Or at least, that's what I thought I felt.
Turns out my subconscious is not nearly as confident as it would have me believe. For last night, it revealed itself to me in a dream. And it was not good.

I was excited and positive about the turnout, until Pippa approached me, her face black with fury (metaphorically speaking. Even my dreams have some logic).
"You know you've blown it," she told me angrily.
"What do you mean?" I asked. I'd blown it? What exactly had I blown?
"You didn't get that story to me on time so now your book is ruined," she said. "It will never sell. It's all over."
I felt utterly crushed, and was overcome by a wave of panic. My hopes and dreams lay dying before me (again, metaphorically speaking. In the dream we were still at the writers' festival and everyone else was having a picnic).
I looked from Pippa to Mark. "But... but... what story are you talking about?"
"The one about you throwing the table through the window," Pippa said. "You promised it to me. You haven't delivered .So no-one will ever buy your book."
I looked pleadingly at Mark. He nodded, his face hard and cold.

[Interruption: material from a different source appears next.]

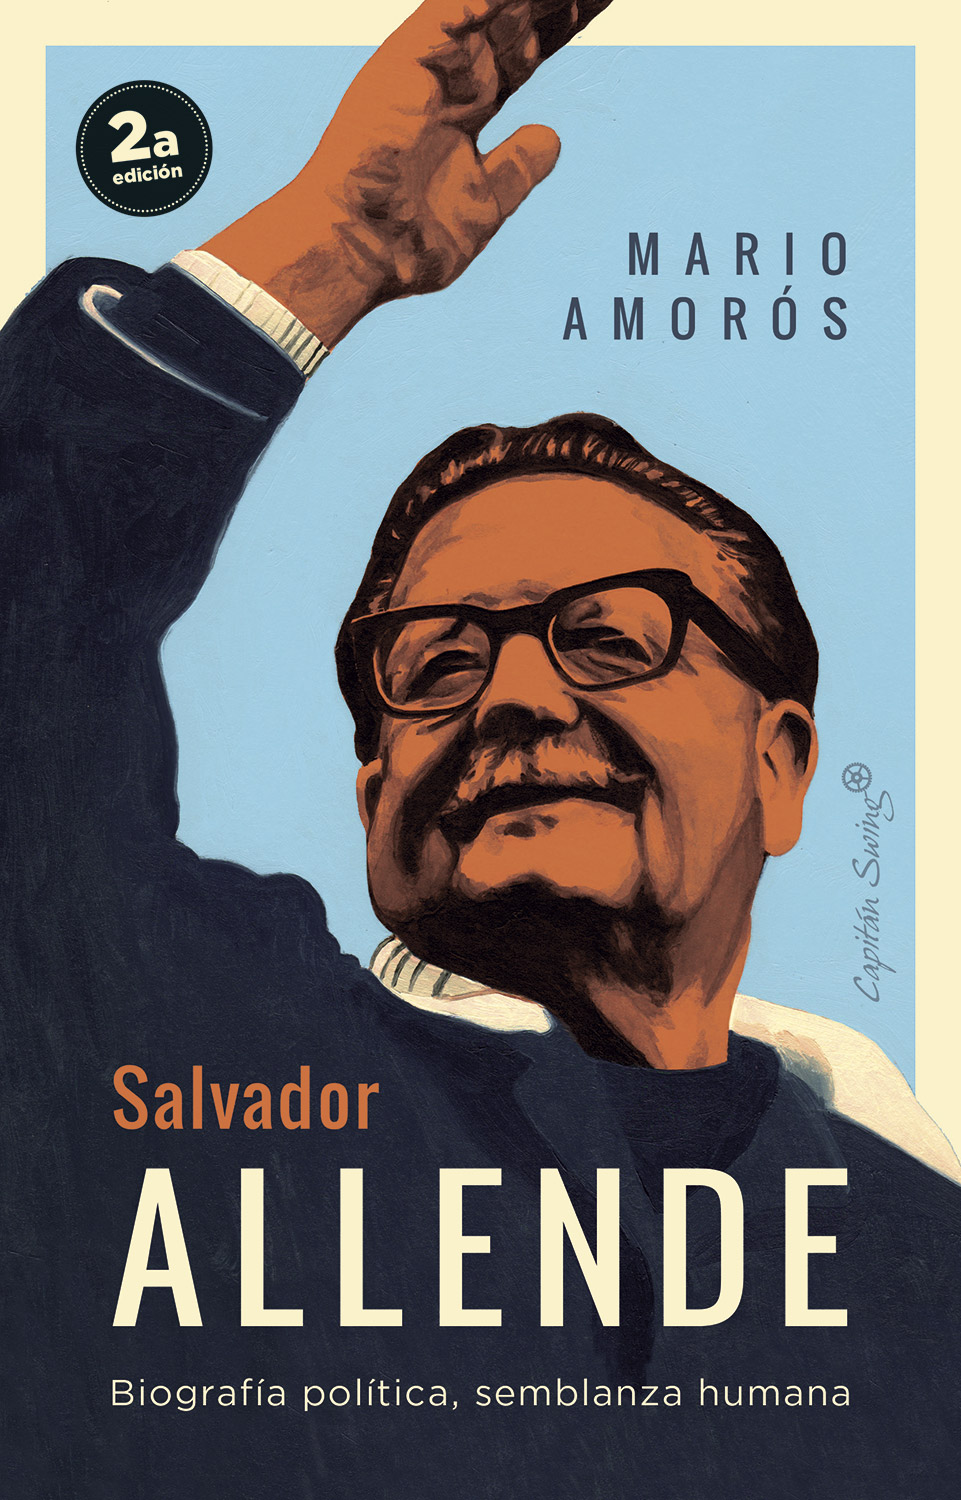 Mario-Amoros-Salvador-Allende-2edicion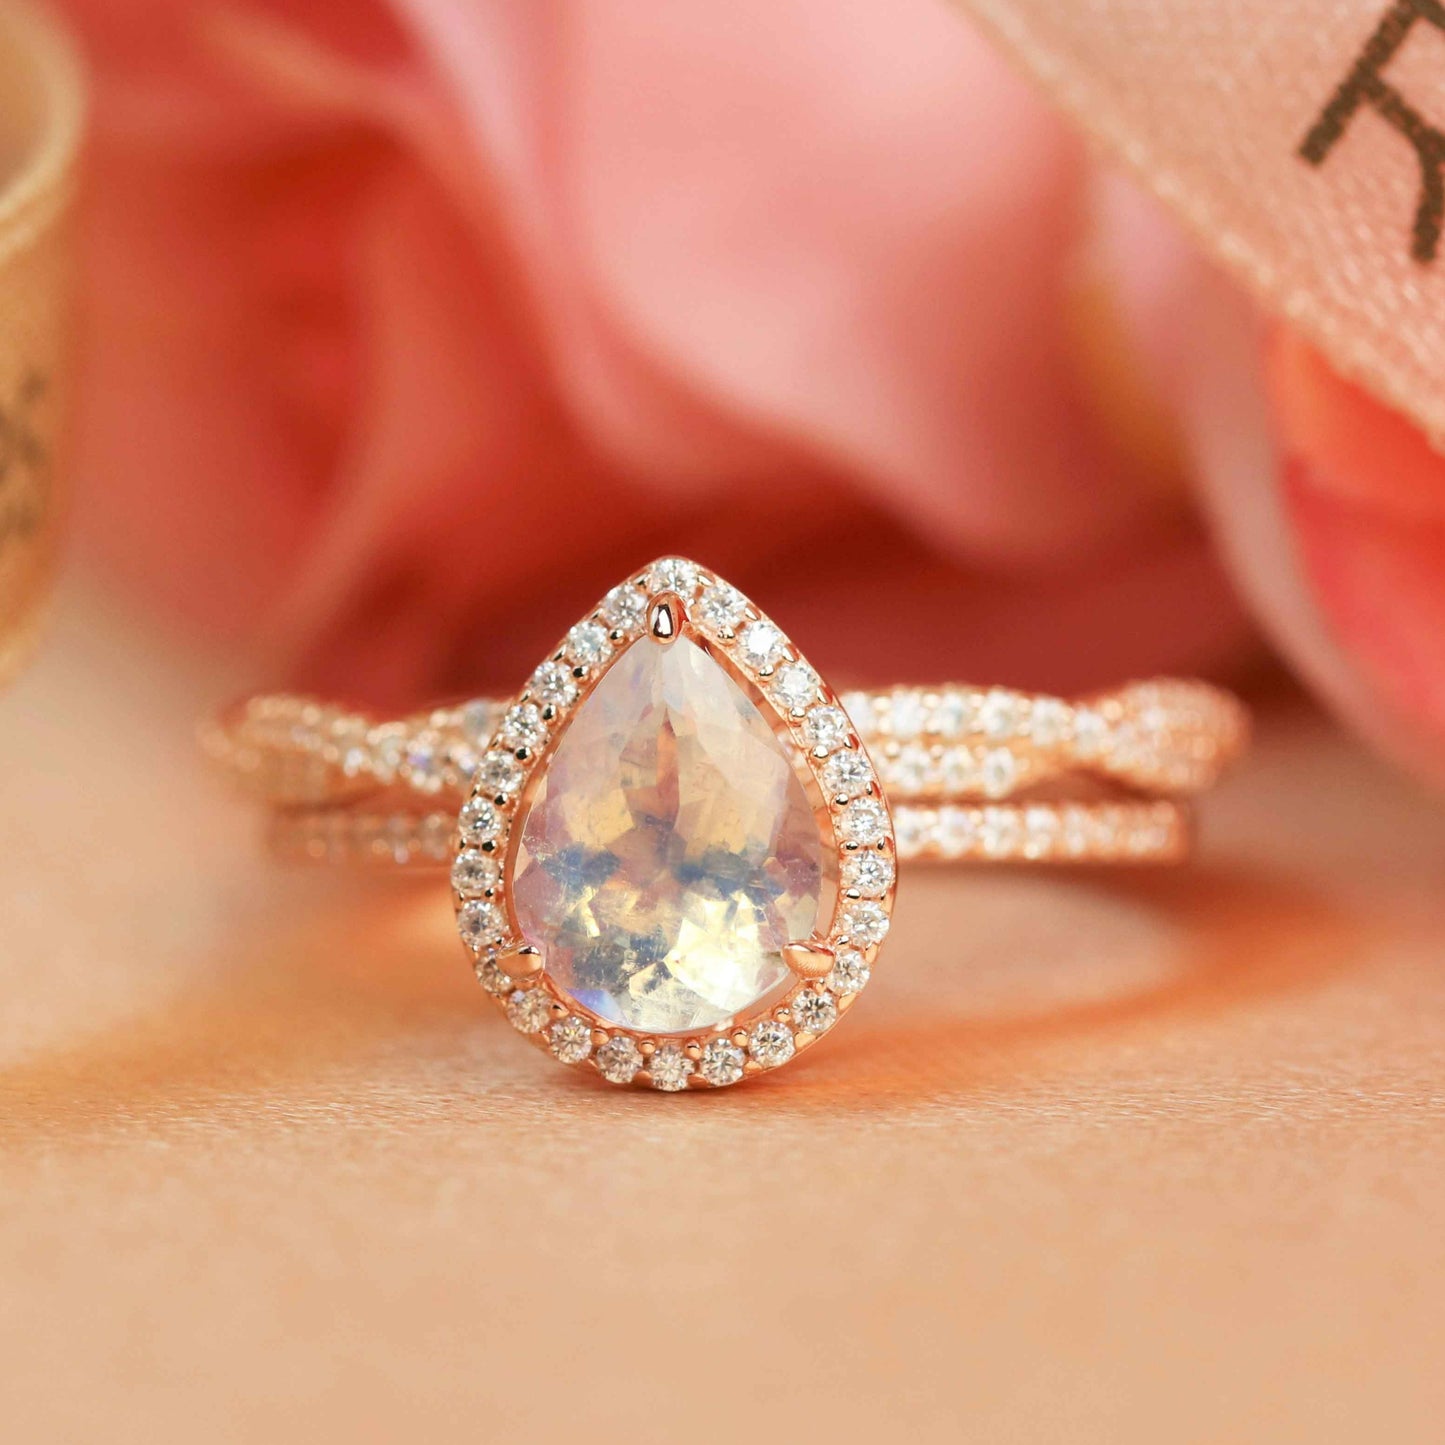 Perfect 1.75 carat rainbow Moonstone tear drop Wedding Ring Set with Matching Eternity Wedding Ring Band

"It's true," he said. "I can't help you. It's all finished. You should have written that story."
I started to cry, great racking sobs that actually woke me up from my dream. I shifted over in the bed, prodded my husband and asked him for a cuddle.
"I had a terrible nightmare!" I told him. "I dreamed that Pippa and Mark told me the book was finished because I forgot to write a story about throwing a table through a window!"
My husband pulled away and looked at me. "You forgot to write the story about the table?" he joked. "How could you forget to write the story about the table! Oh that's very bad....."
And he wonders why I have issues.....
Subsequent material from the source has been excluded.